[Opening Data below section]

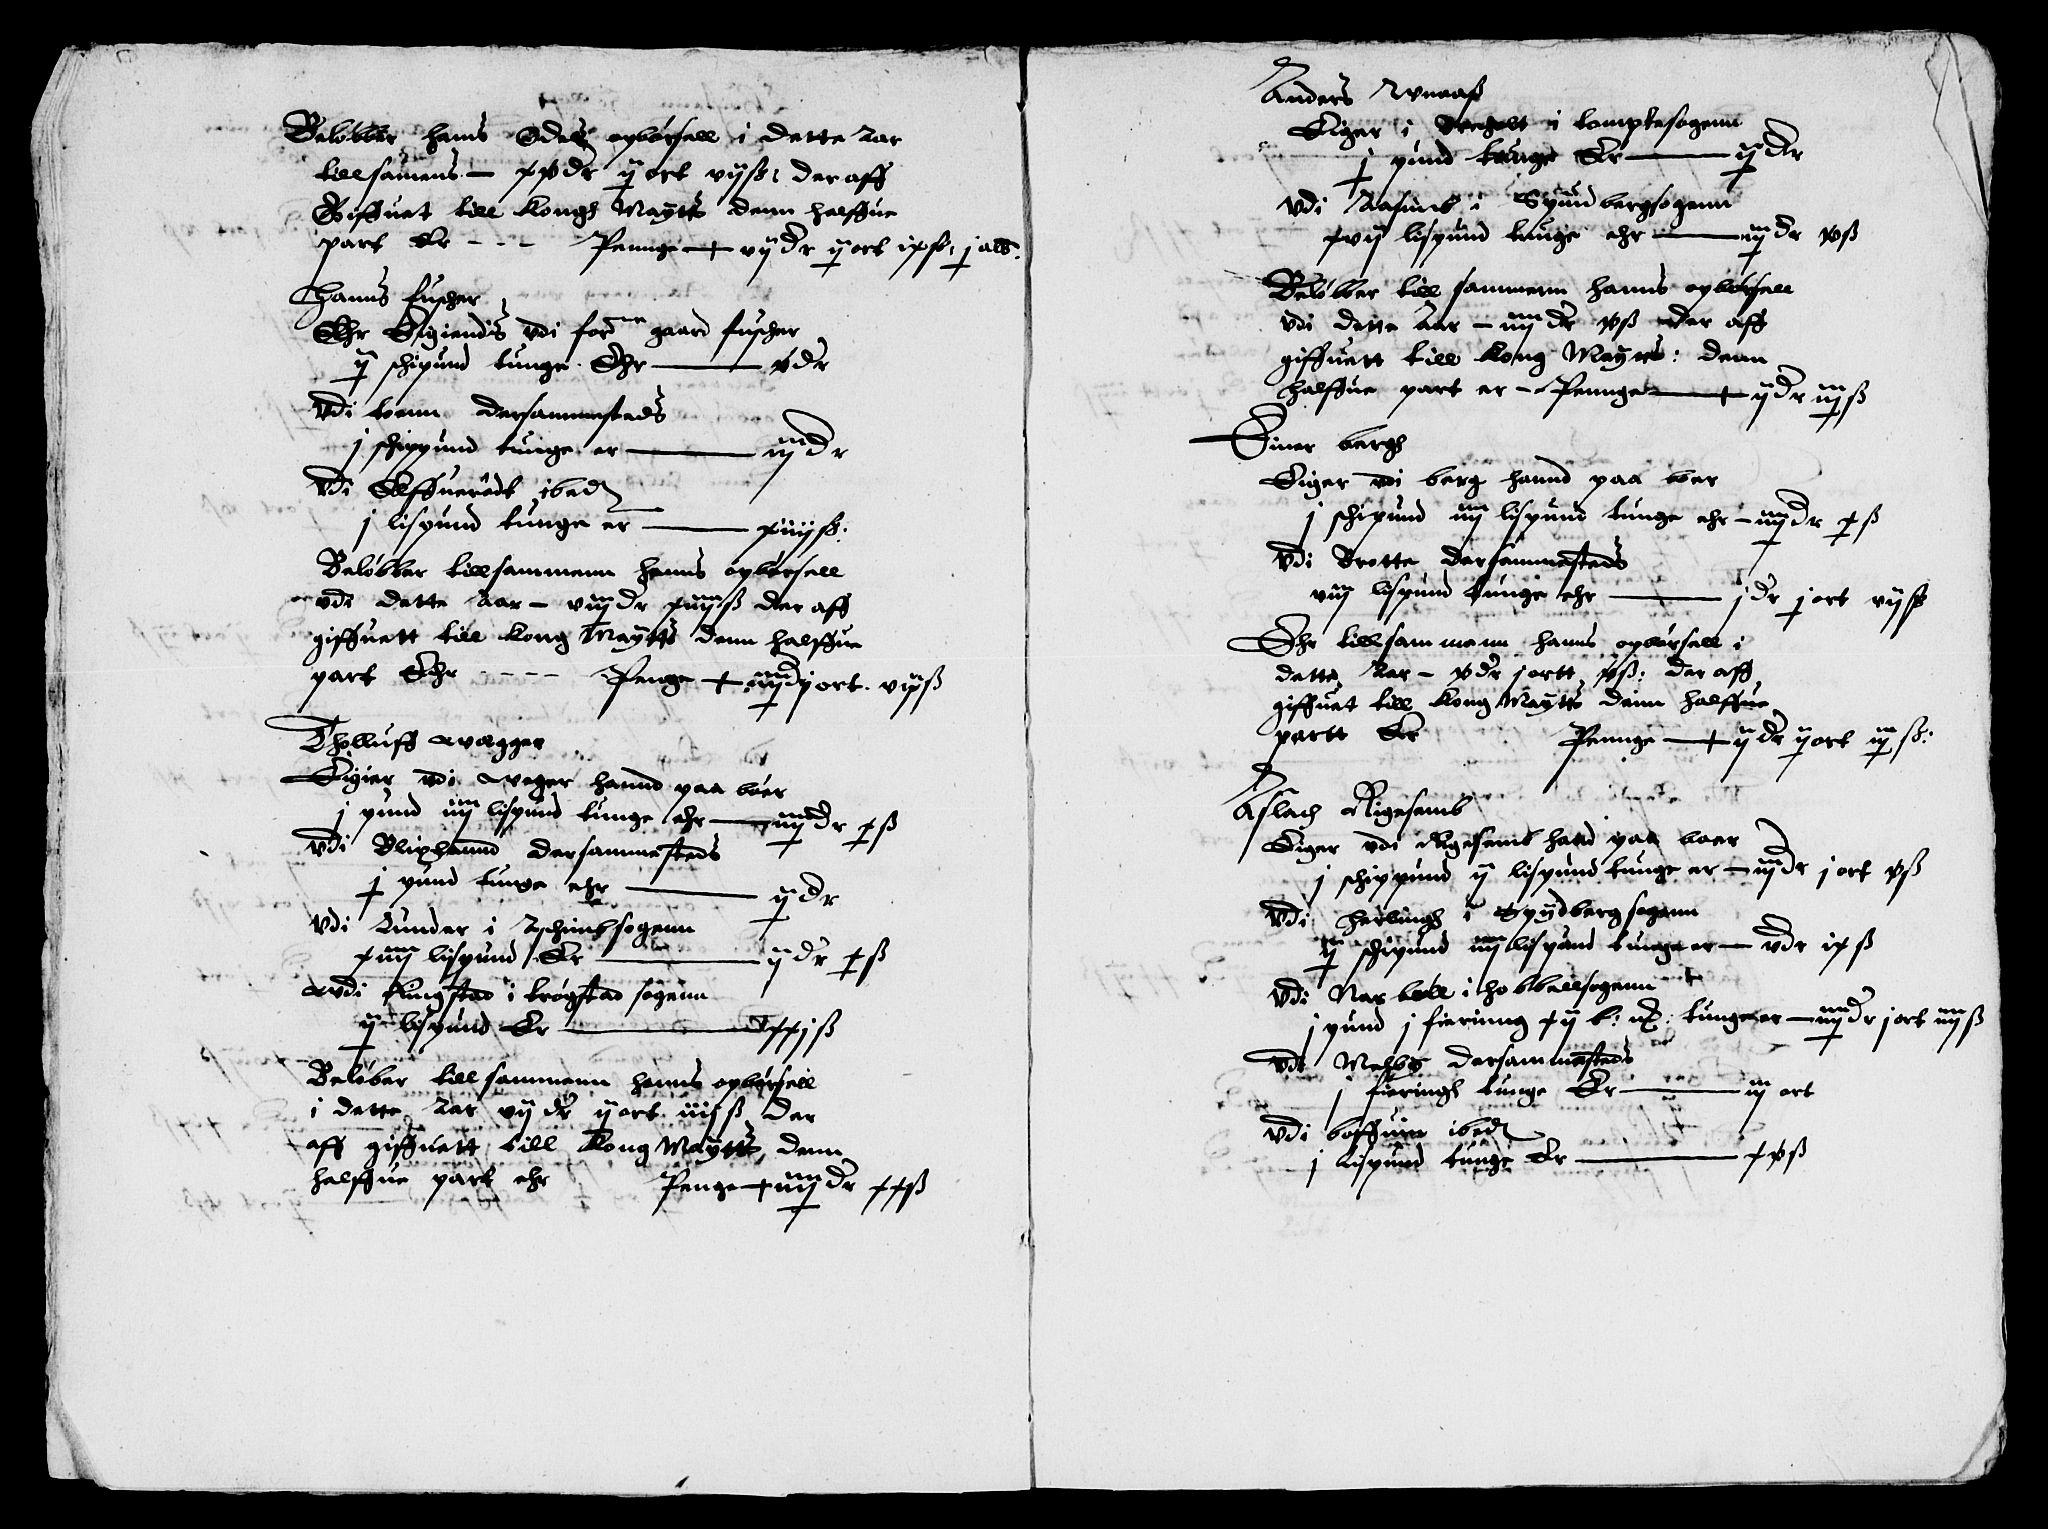 RA, Rentekammeret inntil 1814, Reviderte regnskaper, Lensregnskaper, R/Rb/Rbd/L0001: Maria kirke prosti gods og Rakkestad len, 1627-1633
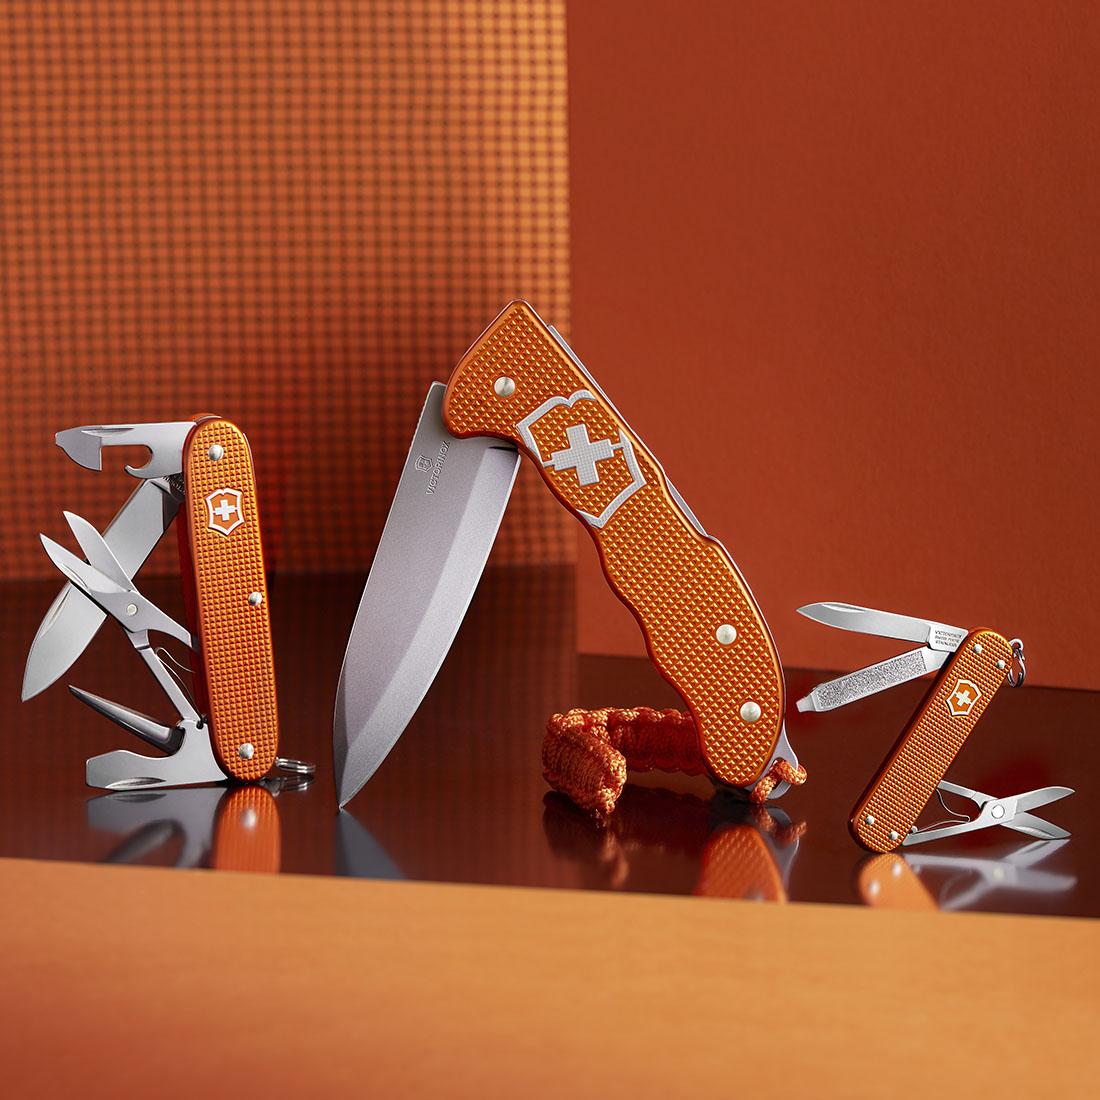 Coleção Canivete Victorinox Alox 2021 Edição Limitada
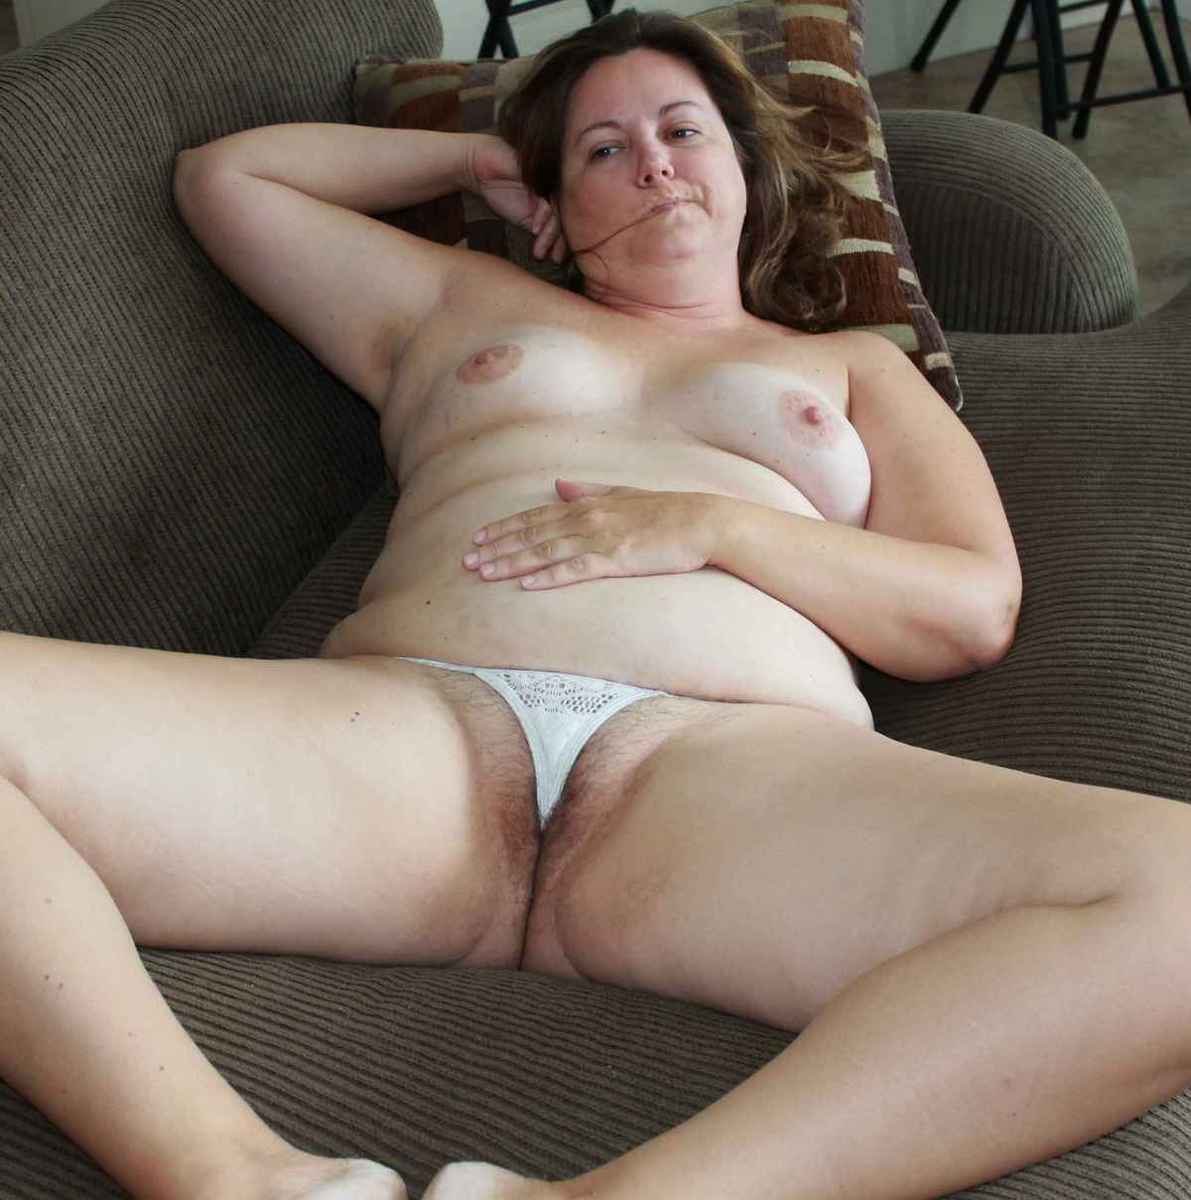 Grosse maman poilue écarte les cuisses sur le canapé ...

[Closing Data below section]

Task directions: Exact output of each line above is wanted, without the pictures.

Written reply:
 RA, Rentekammeret inntil 1814, Reviderte regnskaper, Lensregnskaper, R/Rb/Rbd/L0001: Maria kirke prosti gods og Rakkestad len, 1627-1633
 Coleção Canivete Victorinox Alox 2021 Edição Limitada
 Grosse maman poilue écarte les cuisses sur le canapé ...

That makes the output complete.